Завершивший эту войну постыдный мир 63 заставил еще долго отчаянно вздыхать и короля, и государство. Пришлось пойти на все, чего потребовал герцог Савойский 64, лишь бы оторвать его от союзников, и наконец после долгого сопротивления и несмотря на ненависть и презрение к принцу Оранскому признать его королем Англии, а вдобавок еще принимать его посланника Портленда 65, словно некое божество. Наша торопливость стоила нам герцогства Люксембургского 66, а невежество в военных делах наших уполномоченных на переговорах, которых кабинет не снабдил инструкциями, дало нашим противникам большие преимущества при установлении границ. Таков был Рисвикский мир, заключенный в сентябре [117] 1697 года. Мирная передышка продлилась всего три года, и все это время страна испытывала горечь из-за возврата земель и крепостей, которые мы завоевали, и тягостно ощущала, чего стоила нам эта война. На сем кончается второй период царствования.

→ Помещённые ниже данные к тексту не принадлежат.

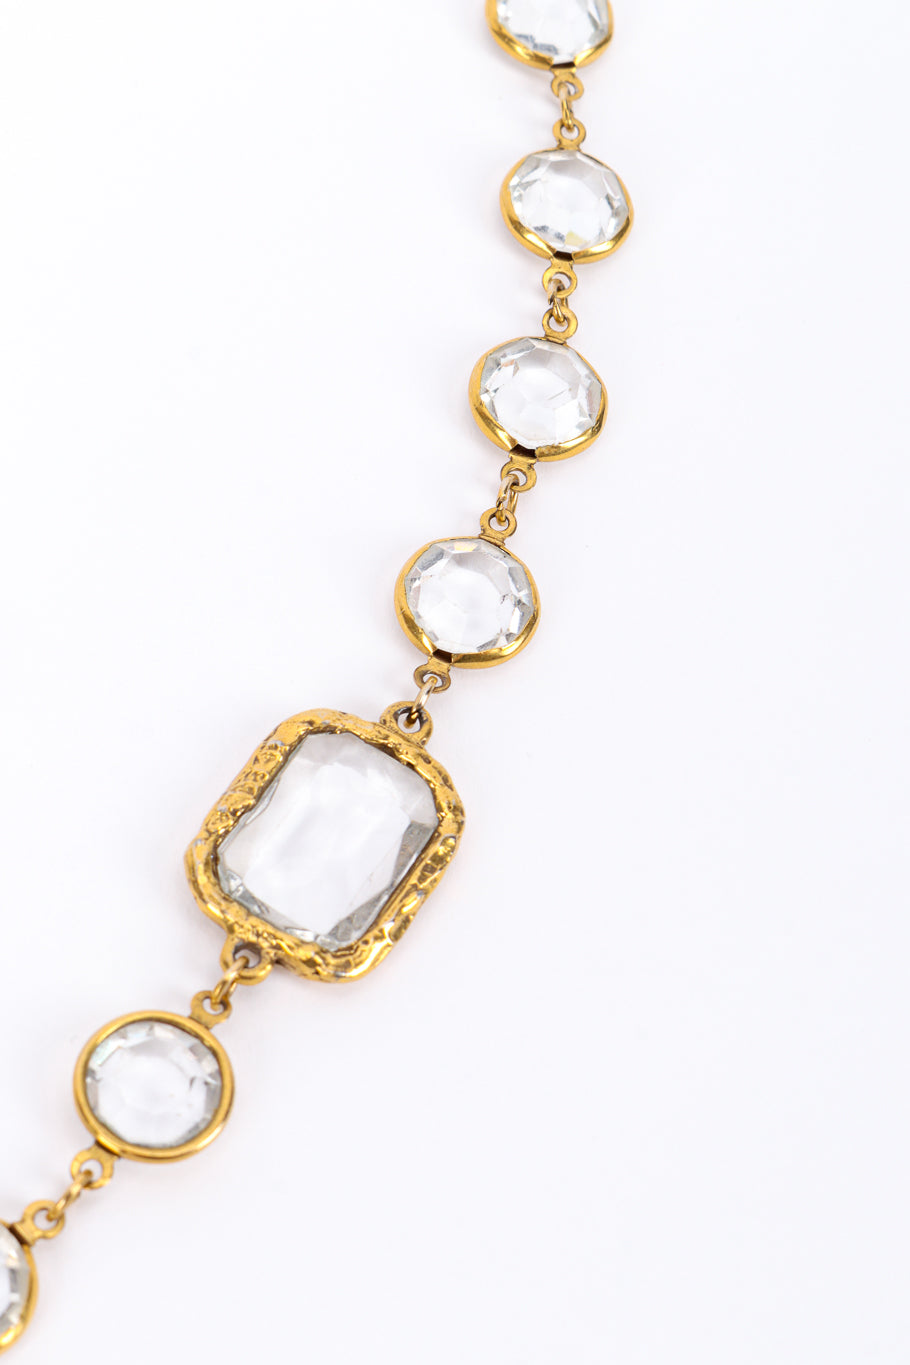 Vintage Chanel Crystal Sautoir Necklace II crystal closeup @recessla

Третий начался великой славой 67 и небывалым успехом. Но кончилось это очень скоро. Подобное начало всем вскружило головы и подготовило неслыханные беды, избавление от которых было поистине счастьем. Короля преследовали и сопровождали до могилы и другие невзгоды, и он мог бы почитаться счастливцем, если бы лишь на несколько месяцев пережил вступление своего внука на трон испанского королевства, который поначалу получил без всякого сопротивления. То время еще слишком близко к нам, так что нет надобности распространяться о нем. Но то немногое, что было сказано о царствовании покойного короля, совершенно необходимо, чтобы лучше понять и то, что будет сказано о его личности; при этом следует помнить всевозможные эпизоды, разбросанные по этим мемуарам, не негодуя на случающиеся иногда повторения, так как они необходимы, дабы объединить и создать нечто целостное.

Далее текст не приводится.